Tutorial | Crawl budget prediction for enhanced SEO (OnCrawl plugin)#

Note

This content was last updated using Dataiku 11.

We’re pleased to share that Dataiku has published an OnCrawl plugin.

At OnCrawl, we are convinced that data science, like technical SEO, is essential to strategic decision-making in forward-looking companies today. The complexity of today’s markets, the sheer volume of data available affecting SEO, the growing opacity of search engine ranking algorithms, and the ability to easily manipulate and analyze data now makes the difference between SEO as a marketing tool, and SEO as an executive-level strategy.

The search market is getting more and more competitive. It is thus important to optimize your crawl budget - a budget allowed by Google to analyze and rank your website - in order to focus on the right SEO projects and to increase conversions. In this article, we are going to explain how to easily deploy a method to predict your crawl budget.

What is OnCrawl?#

OnCrawl is an award-winning technical SEO platform that helps you open Google’s blackbox to make smarter decisions. The solution helps 1000+ companies improve their traffic, rankings and revenues by supporting their search engine optimization plans with reliable data and actionable dashboards. The platform offers:

  • A semantic SEO crawler in SaaS mode that visits and analyzes all the pages of your site to provide you with enhanced information on content, indexing, internal linking, performance, architecture, images, etc.

  • A log analyzer that helps you understand how Google behaves on each page of a site.

  • A Data Platform that allows you to cross-analyze third-party data (logs, backlinks, analytics, csv, rankings) with crawl data to understand their impact on site traffic.

../../_images/img_1.png

How to install the OnCrawl plugin?#

Some features of Dataiku are delivered as separate plugins. A Dataiku plugin is a zip file.

Inside Dataiku, click the top right gear → Administration → Plugins → Store

In the search engine, type “OnCrawl” and click on “Install”:

../../_images/img_2.png

The plugin is now ready-to-use.

How to use the OnCrawl plugin?#

  1. In your Dataiku Flow, create a recipe “Oncrawl – Data queries”.

  2. Set an API access token.

    You will need to have a subscription that includes the OnCrawl API option.

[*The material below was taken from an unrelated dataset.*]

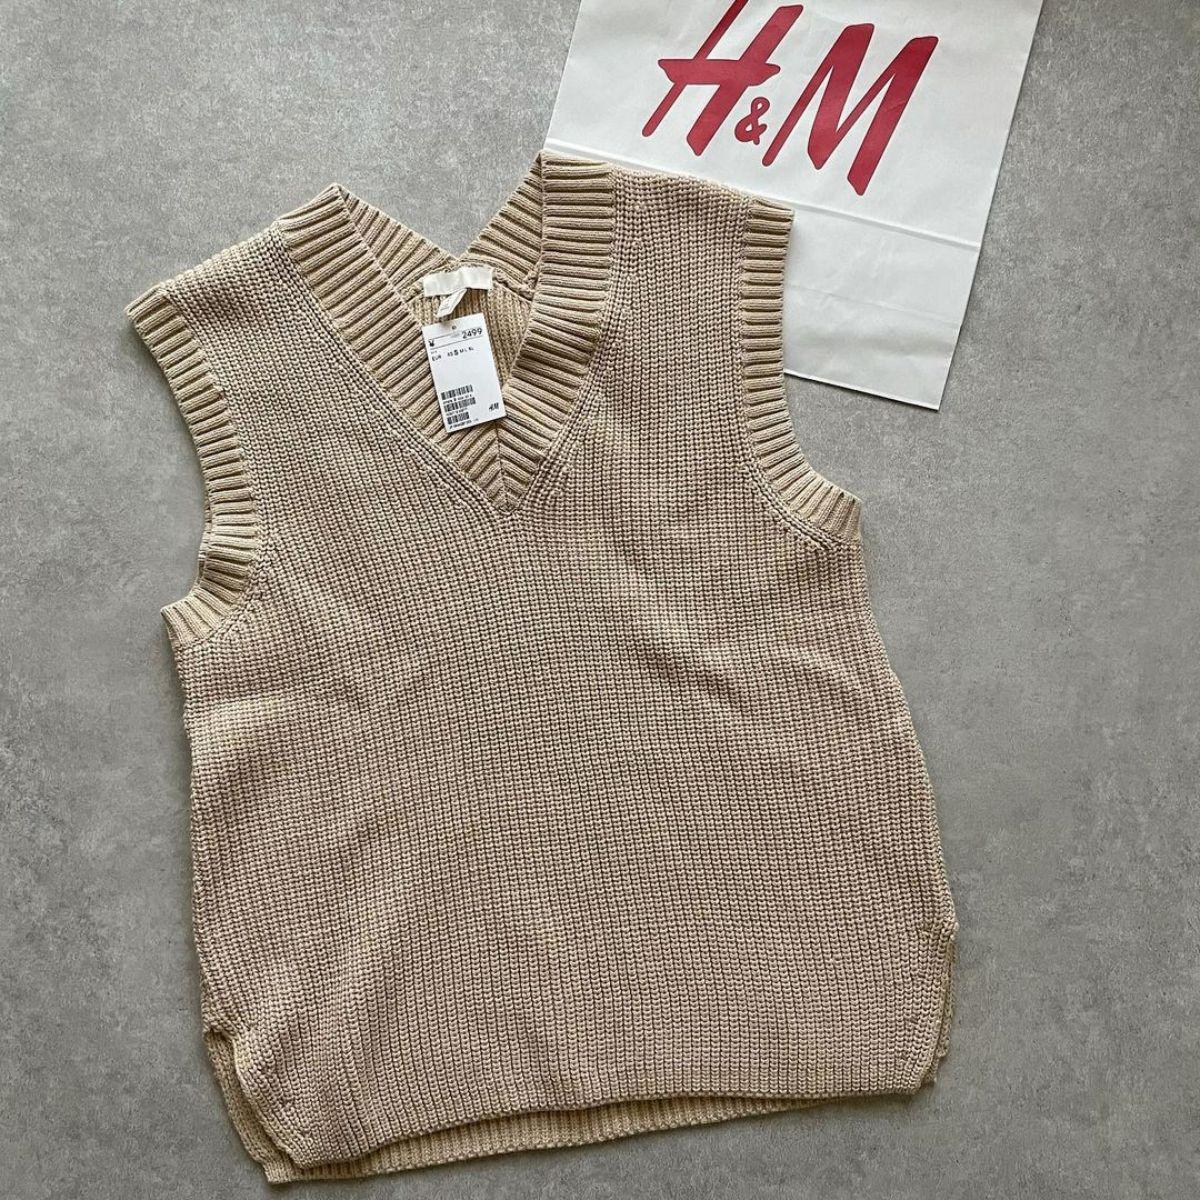 """【H&M】今買うべきなのは春まで使える""""淡色アイテム""""。抜け感を演出できるプチプラおしゃれ服5選"""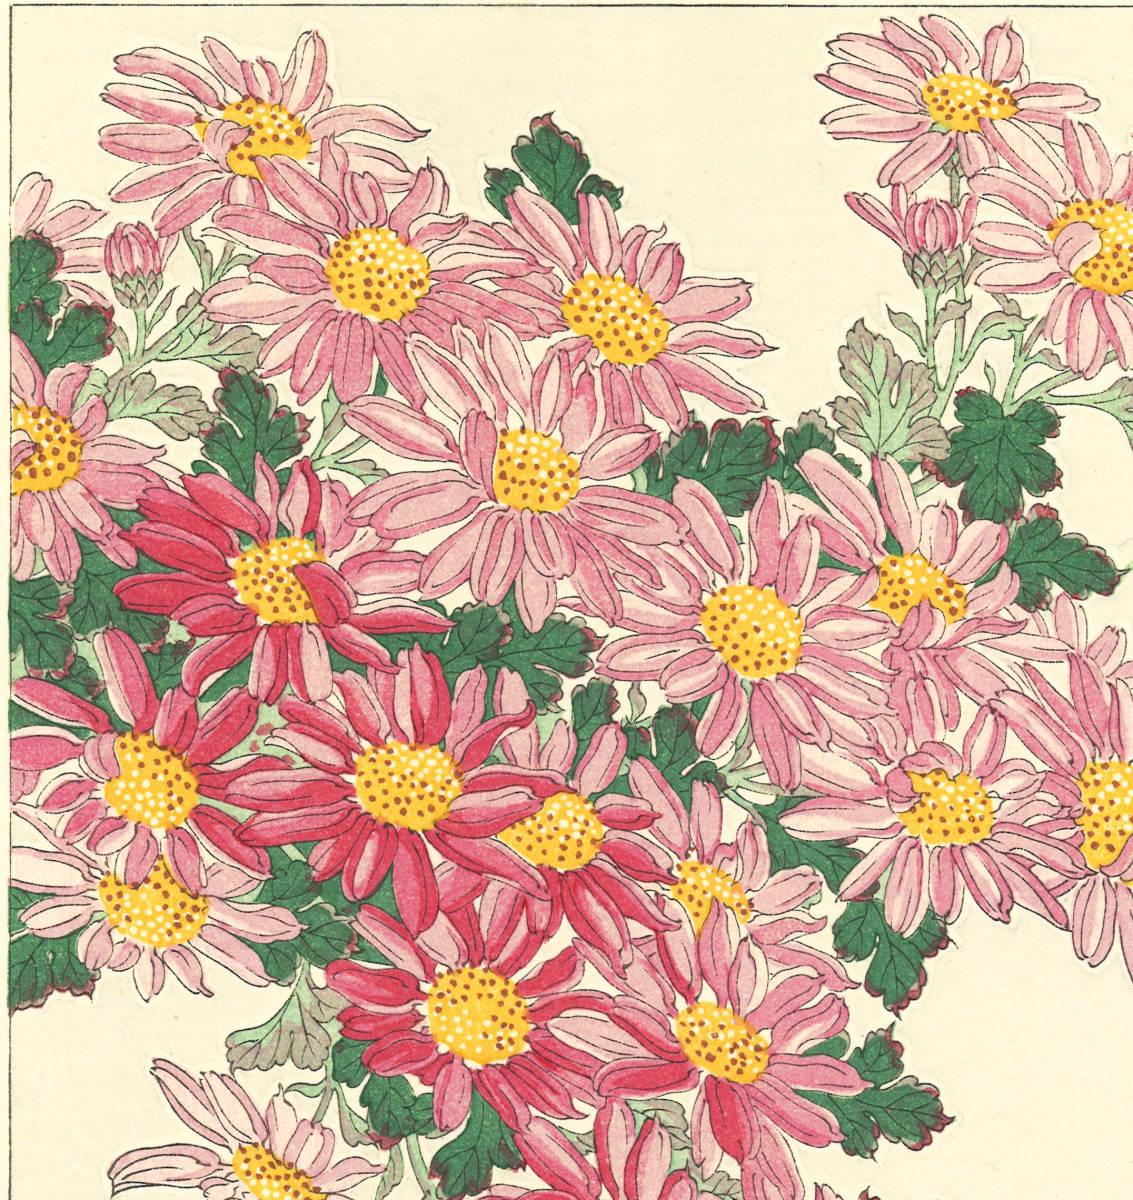 河原崎奨堂 (Kawarazaki Shodo) (1899~1973)木版画 F036 菊 花版画(Chrysanthemum)初版昭和初期~京都の一流の摺師の技をご堪能下さい_画像9

If you don’t have an API access yet, please reach out to our team using the Intercom blue chat button or by sending an email at sales@oncrawl.com

    From your account settings page, scroll down to the “API Access Tokens” section. Click on “View API Access Tokens” to see the list of tokens you have generated or click on “Add API Access Token” if you want to create a new one.

  3. Feel free to edit default configuration:

    • Choose project source: all or only a specific one

    • Choose data type among pages, links or logs

    • Define a crawl or logs timeframe

  4. If you selected pages or links:

    • Choose a crawl configuration: an empty crawl configuration list means that you have no crawl available for the selected project or timeframe. Adjust these parameters.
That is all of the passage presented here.